A box is being pushed up the ramp by you at a 15 degree angle. The coefficient of kinetic friction between the box and ramp is .4. The box has a mass of 12 kg and you are pushing up the ramp with a force of 95N. What is the kinetic frictional force? What is the sum of forces (net force) acting parallel to the plan?

for the first question I got -46N and on the second question do I add gravity parallel to the plane with frictional force and add that to force push?

To determine the kinetic frictional force, we can use the formula:

F_friction = coefficient of kinetic friction * normal force

The normal force is the perpendicular force exerted by the ramp on the box, which is equal to the weight of the box since it is on an inclined plane.

The weight of the box can be calculated using the formula:

Weight = mass * acceleration due to gravity

Given that the mass of the box is 12 kg, and the acceleration due to gravity is approximately 9.8 m/s^2, we can find the weight:

Weight = 12 kg * 9.8 m/s^2 = 117.6 N

The normal force is then equal to the weight, so:

Normal force = 117.6 N

Now, we can plug in the given coefficient of kinetic friction, which is 0.4, and solve for the frictional force:

F_friction = (0.4)(117.6 N) = 47 N.

Therefore, the kinetic frictional force is 47 N.

To find the net force acting parallel to the plane, we need to consider all the forces acting in that direction.

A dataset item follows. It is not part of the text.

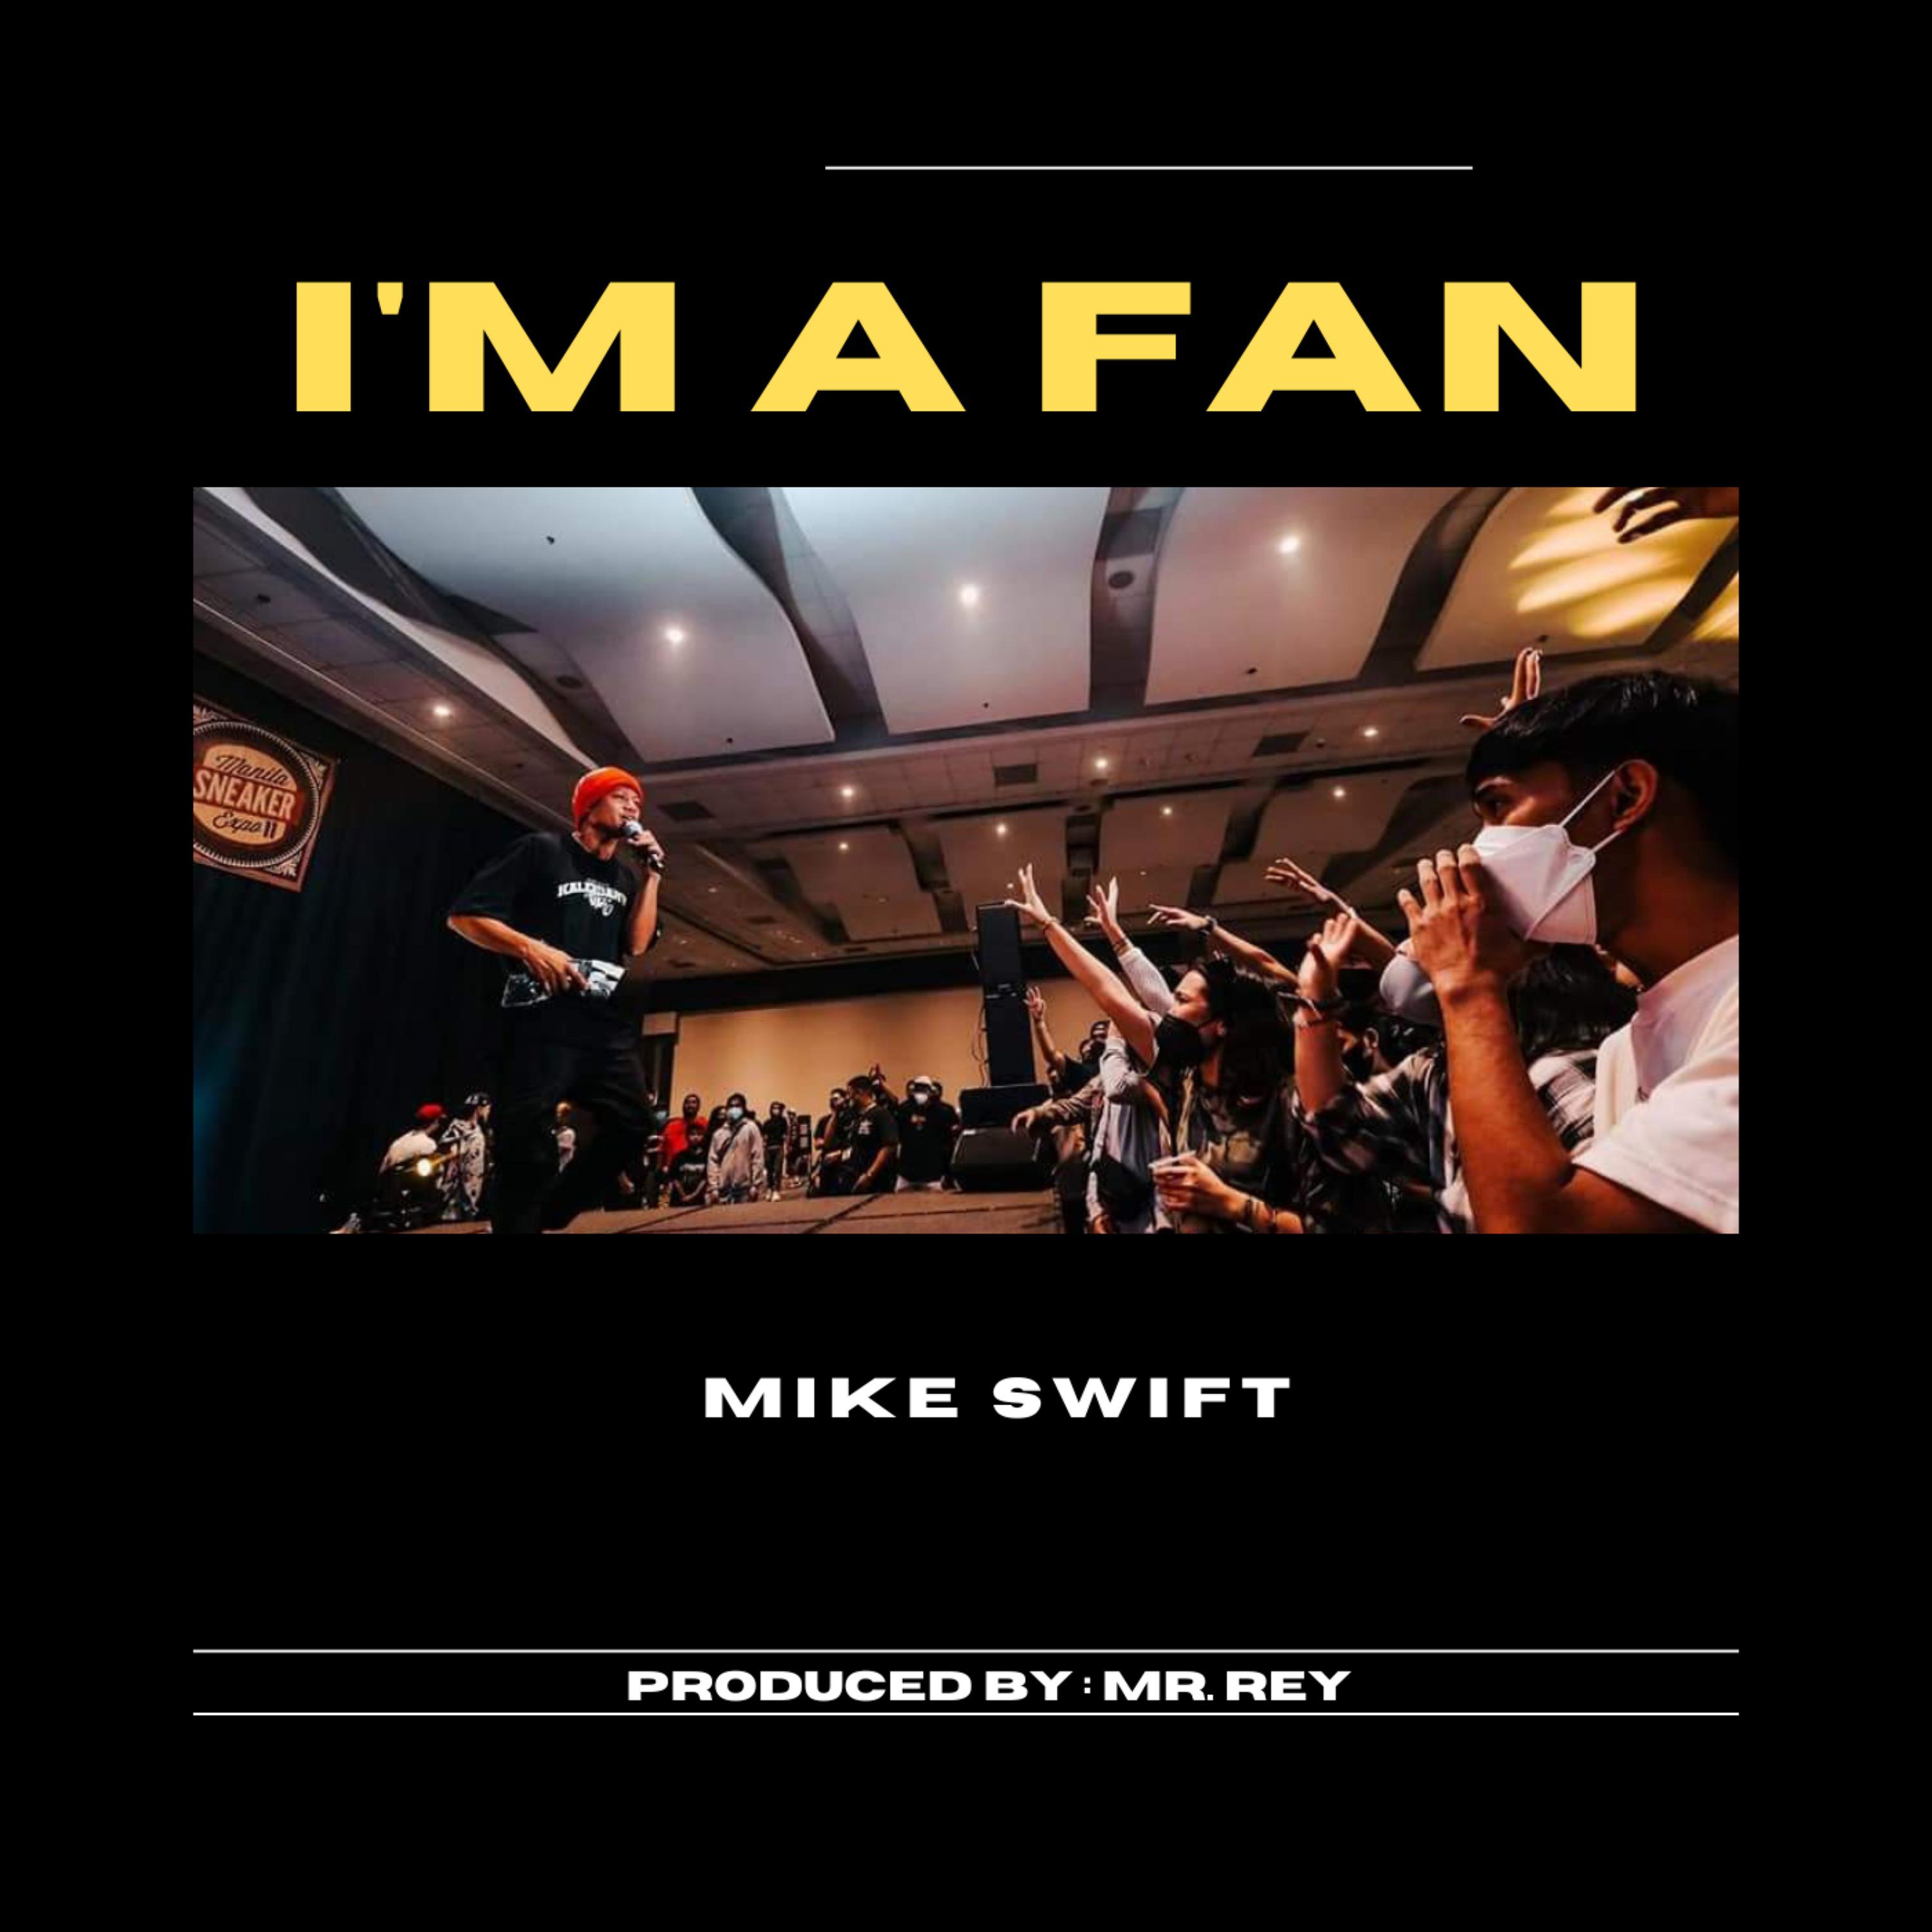 Mike Swift - I'M A FAN

First, let's calculate the force component parallel to the plane due to the force you are pushing with:

Force parallel to plane (from pushing) = force * sin(angle)

Given that the force you are pushing with is 95 N and the angle of the ramp is 15 degrees:

Force parallel to plane (from pushing) = 95 N * sin(15°) = 24.58 N

Next, let's find the force component parallel to the plane due to gravity:

Force parallel to plane (gravity) = weight * sin(angle)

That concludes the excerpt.